I think the commissions certainly takes a bit out of the profits to be made--diversification/spreading out of risk and reward is worth the small management fee to me--I never have to worry about timing a particular bank's earnings reporting or dividends, etc. It's simple, but I am content with simple as well. I have been burned on individual stocks, so I'm also a bit hesitant to trust any one company, even perceived strong ones, too much.

fifi


----------



## mfd (Apr 3, 2009)

JDWood said:


> I bought 70 XFN on 2/24/09, seeing this post got me to thinking what if
> I used the 833 to buy the top 6 of XFN using 2/24/09 close....
> 
> 
> ...




Try your calculations using $10k and a 10 year horizon. Your management fees come out to $550 for the etf over 10 years. Your stocks will still be 60 dollars.

Lets say banks rally and in 10 years your $10k is now worth a $100k in the etf....your management fees are now $550 dollars a year not including all of the additional fees over the last 9 years. Your stock only cost you the original $60.

Better yet maybe iShares decides to shutdown the etf at a low point in the market. They'll cash you out at a loss even though the etf represents perfectly strong companies that will eventually rebound. 

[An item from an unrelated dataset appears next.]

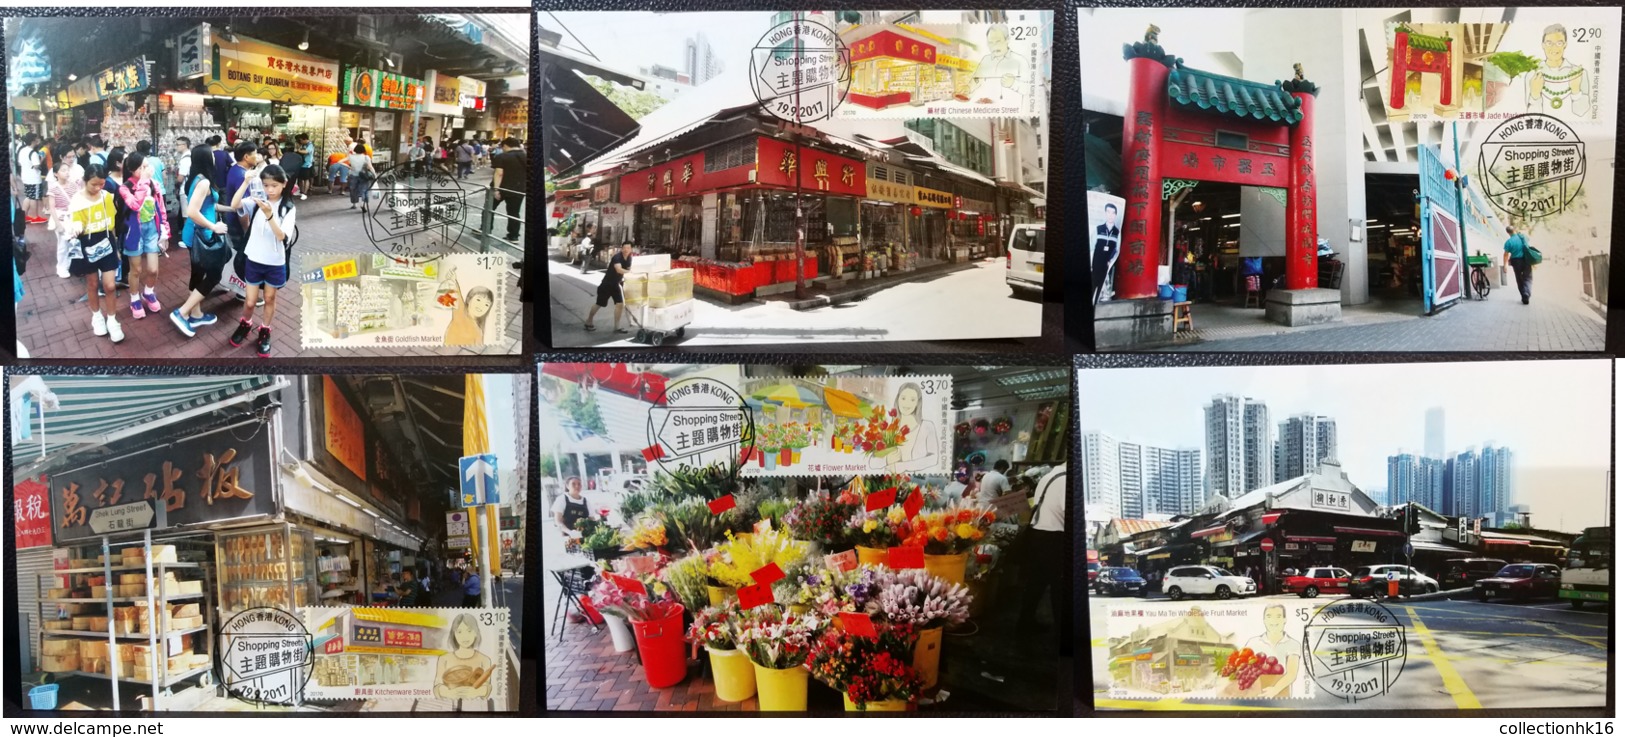 Hong Kong Shopping Streets (Fruit, Flower, Jade ...) 2017 Hong Kong Maximum Card MC Set (Pictorial Postmark) (6 Cards) - Maximumkarten

I'm not against etf's. I own a bunch myself. People just need to be aware of of some of the issues with sector specific/ exotic etfs. When 7 stocks make up 81% of the etf then you need to wonder if its worth it.


----------



## JDWood (Apr 3, 2009)

Great points mfd, thanks, I did use bigger numbers when I first ran the compare, and than thought I should use the same numbers, and yes I did
overlook the MER.


----------